Beispiel 3: Flächen­träg­heits­moment eines I-Profils mit Satz von Steiner

Es soll das Flächen­trägheits­moment bezüglich der y-Achse wie in Beispiel 2 berechnet werden, diesmal jedoch mit dem Satz von Steiner. Die Kreise in der Skizze bezeichnen wieder die Schwer­punkte der Teil­flächen.
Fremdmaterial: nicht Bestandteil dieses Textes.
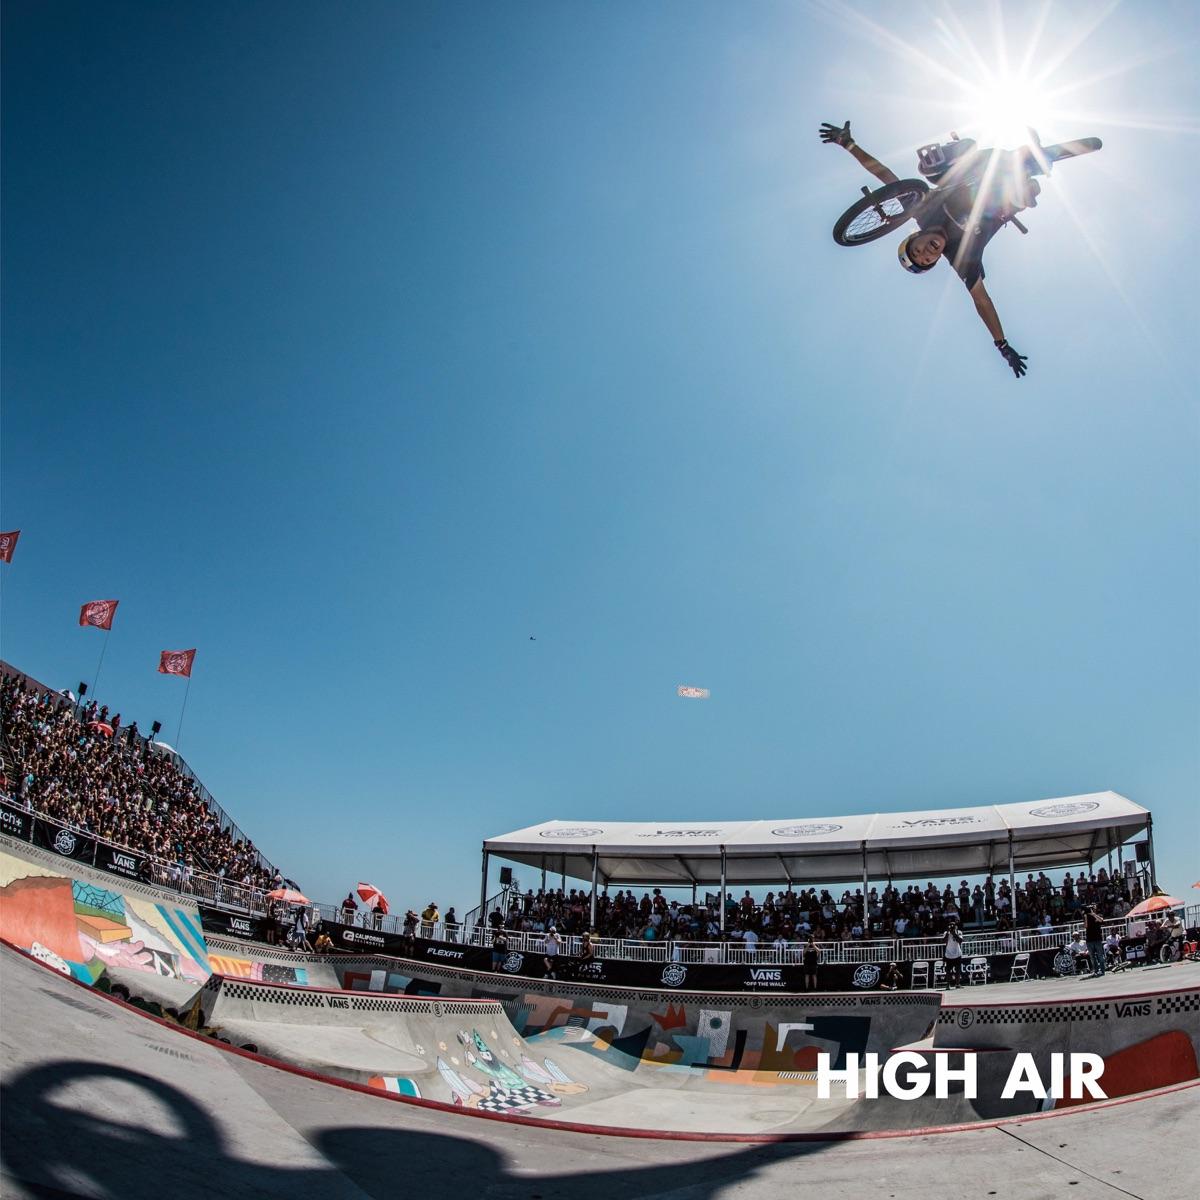 『ANARCHY - HIGH AIR』収録の『HIGH AIR』ジャケット

Die beiden Teil­flächen A1 und A3 sind aufgrund der Symmetrie gleich groß.
 

I-profil satz von steiner

Lösung der Aufgabe:

Unter Verwendung des Satzes von Steiner kann das gesuchte Flächen­trägheits­moment berechnet werden:

$$I=\sum(I_i+A_i·l_i^2)=I_{y.1}+A_1·l_1^2+I_{y.2}+A_2·l_2^2+I_{y.3}+A_3·l_3^2$$


Zunächst müssen die einzelnen Komponenten ermittelt werden. Mit der in Beispiel 1 hergeleiteten Formel werden die Flächen­trägheits­momente bestimmt:

$$I_{y.1}=I_{y.3}=\frac{B·h^3}{12} \qquad I_{y.2}=\frac{b·(H-2·h)^3}{12}$$


Die drei Flächen lauten:

$$A_1 = B·h \qquad A_2 = b·(H – 2·h) \qquad H_3 = B·h$$


Nun kann das Gesamt­flächen­trägheits­moment berechnet werden. Da die Flächen A1 und A3 ident sind, vereinfacht sich der Satz von Steiner etwas:

$$I_y=2·[I_{y.1}+A_1·l_1^2]+I_{y.2}+A_2·l_2^2=$$

$$I_y=2·\left[\frac{B·h^3}{12}+B·h·l_1^2\right]+\frac{b·(H-2·h)^3}{12}+b·(H-2·h)·l_2^2=$$


Die Länge l2 ist 0, da der Schwerpunkt von Teil­fläche A2 auf der z-Achse liegt. Für die Länge l1 setzt man (H – h) / 2 ein. Zudem werden folgende Zusammen­hänge definiert:

$$h_3 = H – h \qquad h_4 = H – 2 · h$$


Man erhält:

$$I_y=2·\left[\frac{B·h^3}{12}+B·h·\left(\frac{H-h}{2}\right)^2\right]+\frac{b·(H-2·h)^3}{12}=$$

$$I_y=\frac{2·B·h^3+6·B·h·h_3^2+b·h_4^3}{12}$$


Setzt man Zahlen­werte ein, sieht man, dass das Ergebnis mit dem in Beispiel 2 über­einstimmt. Dieses Aufgabe zeigt, dass bei symmetrischen Quer­schnitten besser wie in Beispiel 2 vorzugehen ist.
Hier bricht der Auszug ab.